Charleston Mayor Danny Jones wants to double the city user fee (the dollar a week fee charged to everyone who works inside city limits) and spend some of the money for surveillance cameras.
Jones believes putting cameras throughout Charleston will make the city safer.
"If criminals know they could be picked up on camera they might pick another city to prey on," Mayor Danny Jones said.
The ACLU believes those extra eyes might be too much.
"People should be free to move in public spaces without the fear of being spied upon," Andrew Schneider of the ACLU said.
Schneider says government leaders in other cities have abused the technology. He also worries minority areas of Charleston would be targeted more than others. He says some things many of us do should be kept private.
"We can think of numerous activities that take place in public spaces that are considered private. Think about going to a therapists, think about a private conversation with a friend, going for a drink at gay bar, engaging in a public protest," Schneider said.
The city already has a camera at the Roosevelt Center and it doesn't seem to bother the people who walk by every day.

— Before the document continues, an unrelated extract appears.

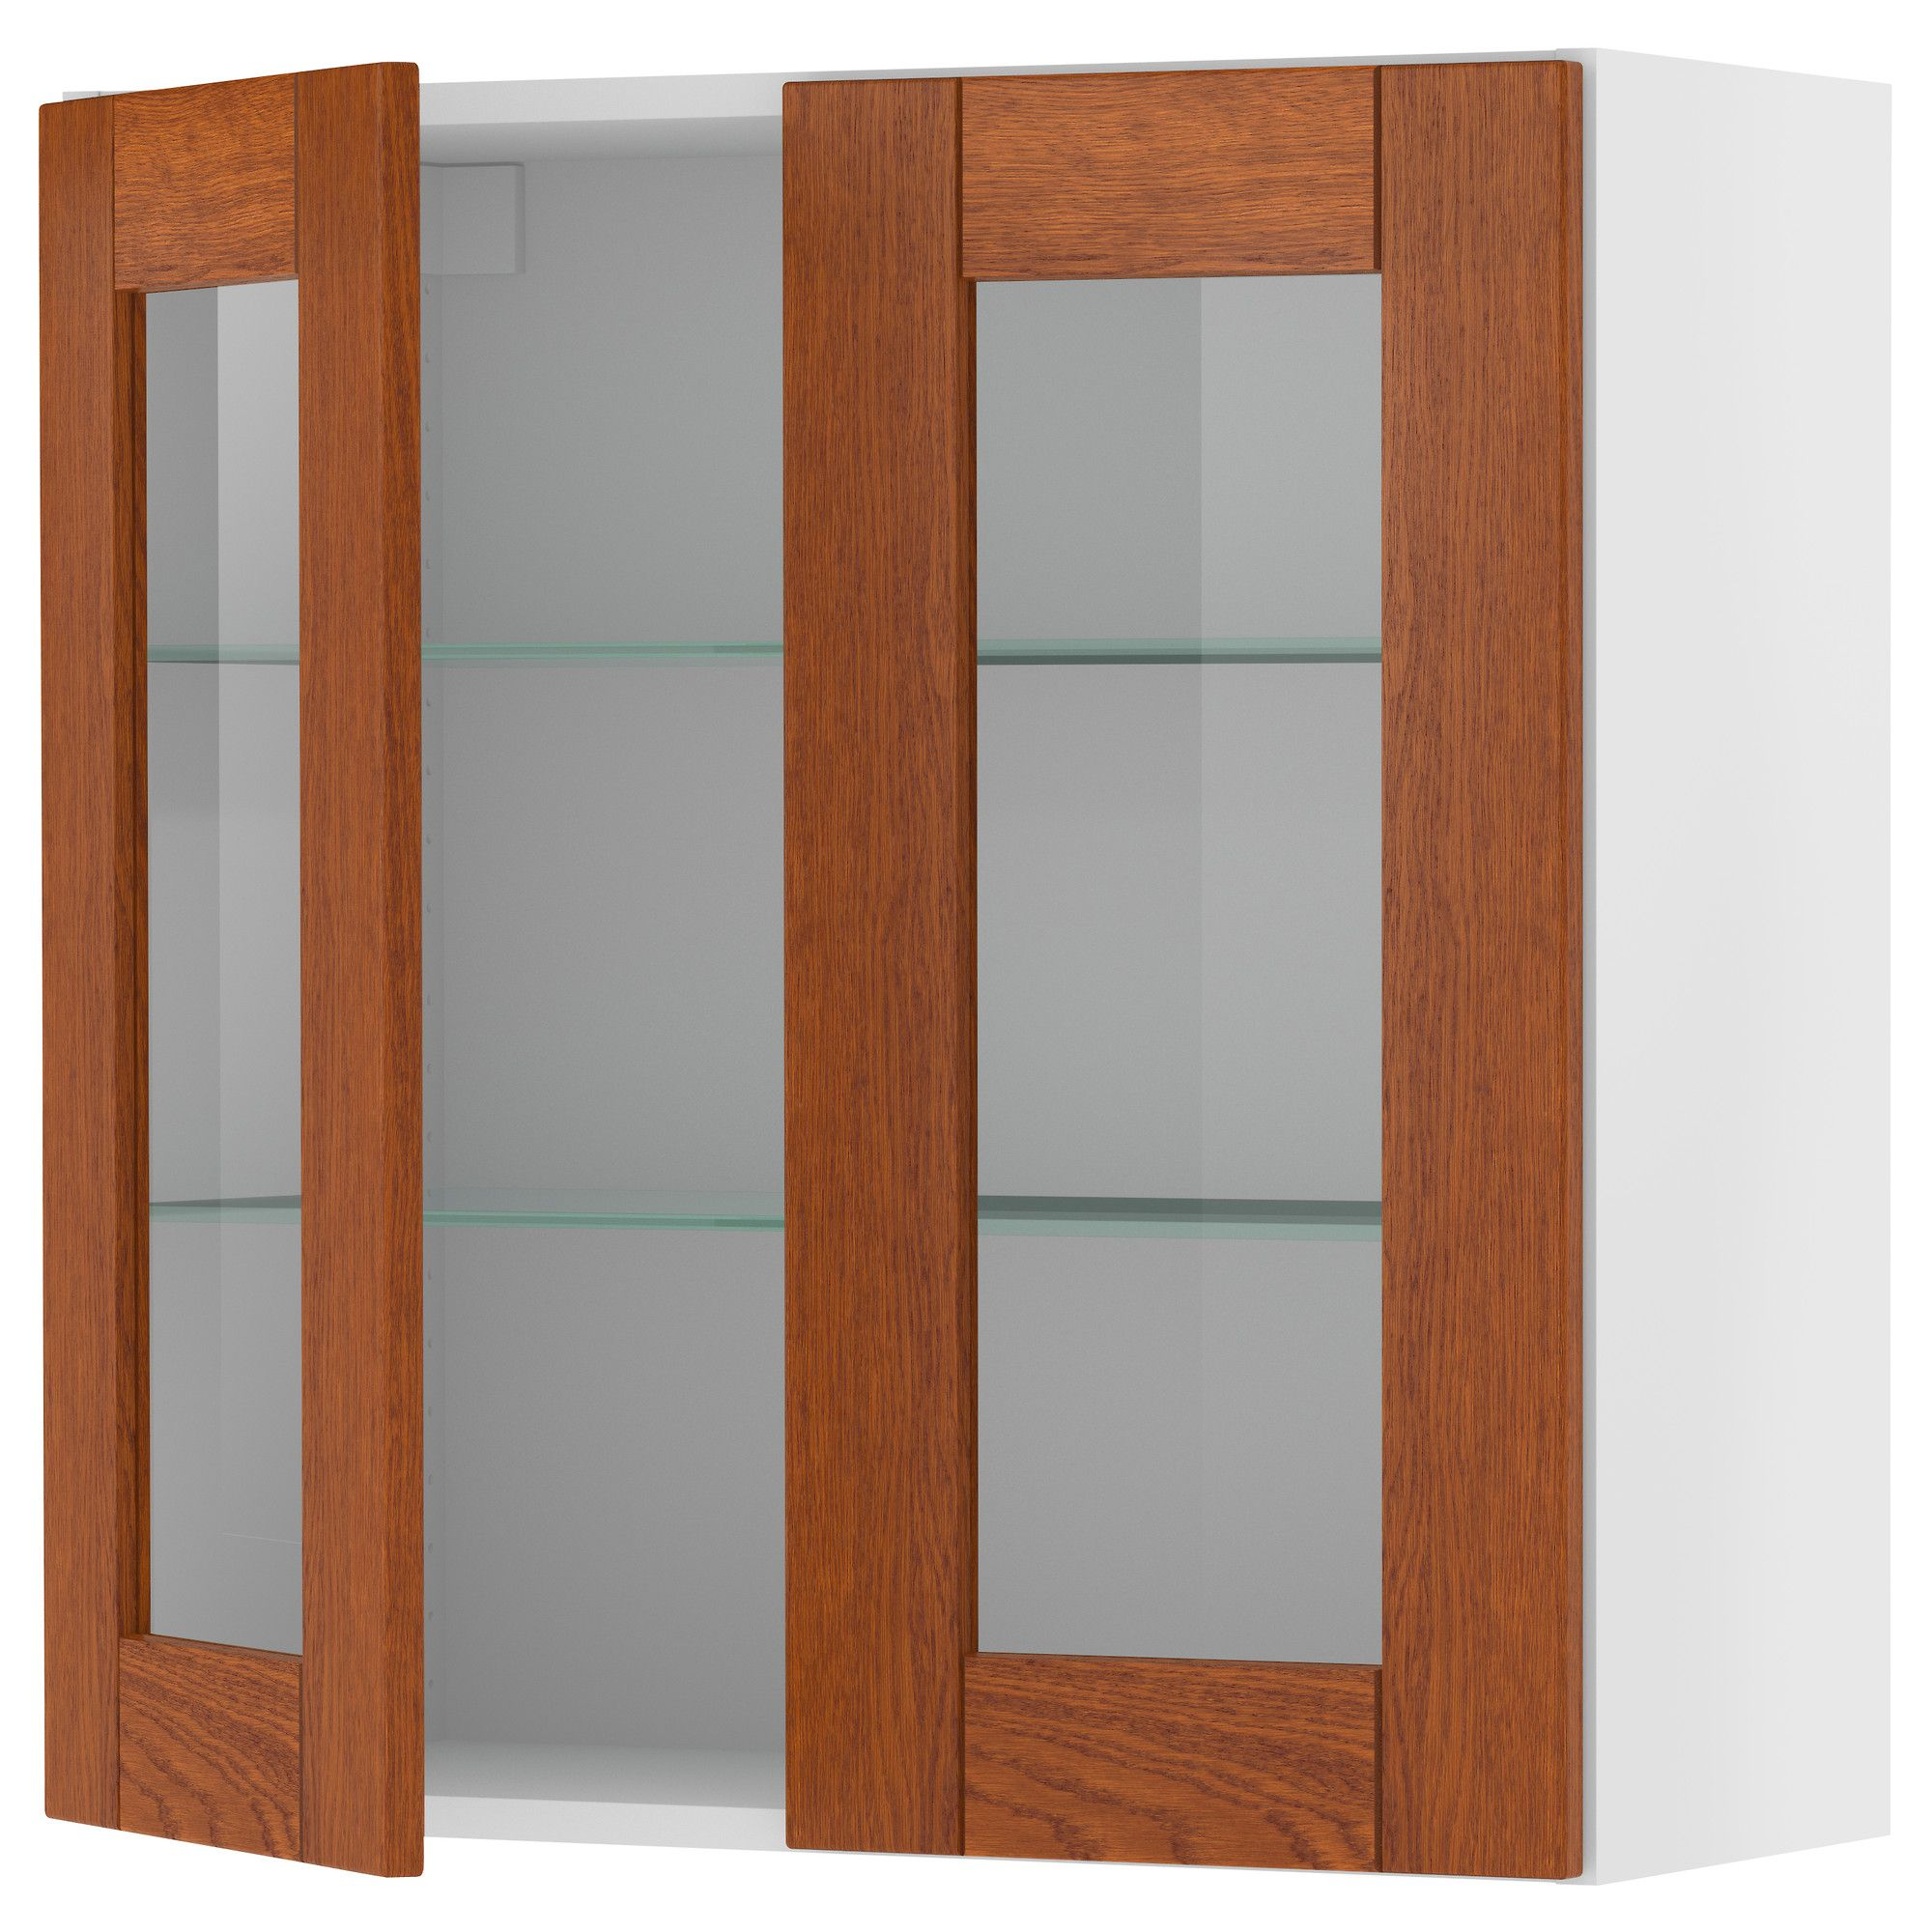 Akurum Wall Cabinet With 2 Glass Doors Birch Effect Lixtorp Brown 30x30 Ikea Little Free
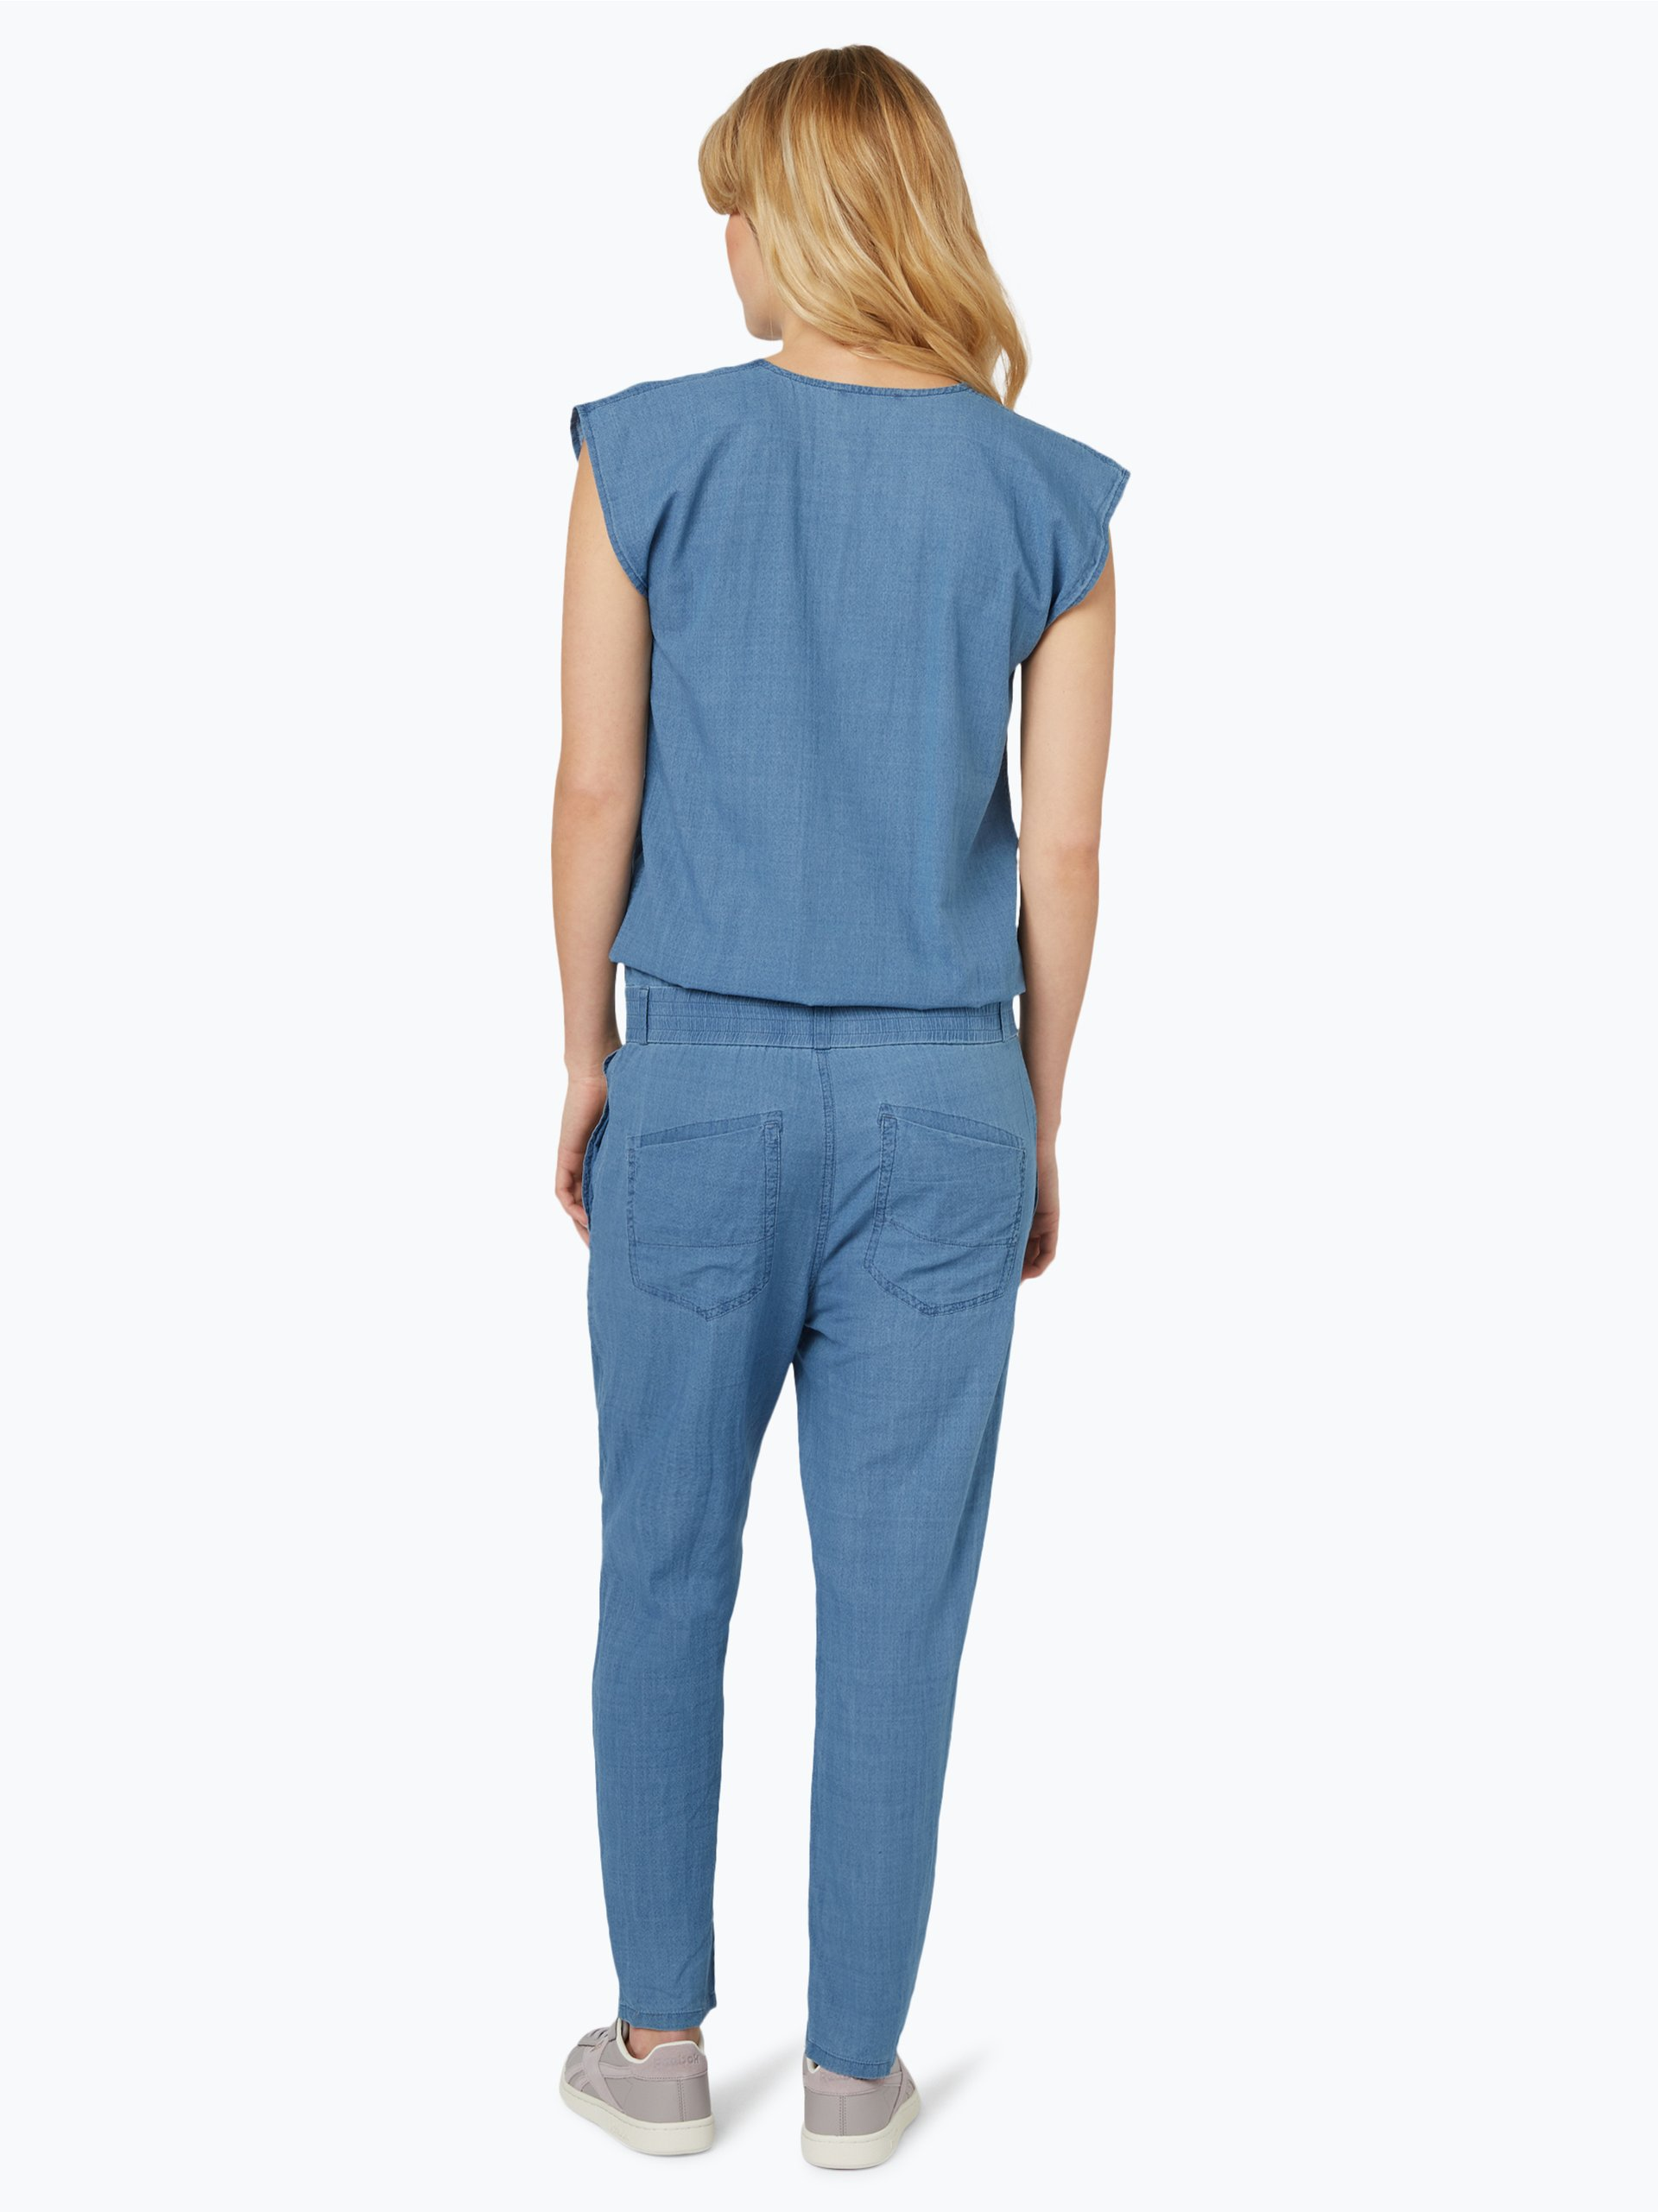 drykorn damen jeans jumpsuit tova blau uni online kaufen. Black Bedroom Furniture Sets. Home Design Ideas

"Well this is a public place and I don't know if you have nothing to hide what's the issue," Kevin Berry said.
The two sides agree police protection is the best thing but the mayor says officers just can't be everywhere. Members of the ACLU say if the cameras do go up, they would like signs posted telling people they're on camera with certified camera operators in charge of the cameras.
Mayor Jones says council is working on an ordinance. It will include either a thirty or sixty day time frame when the tapes will be erased.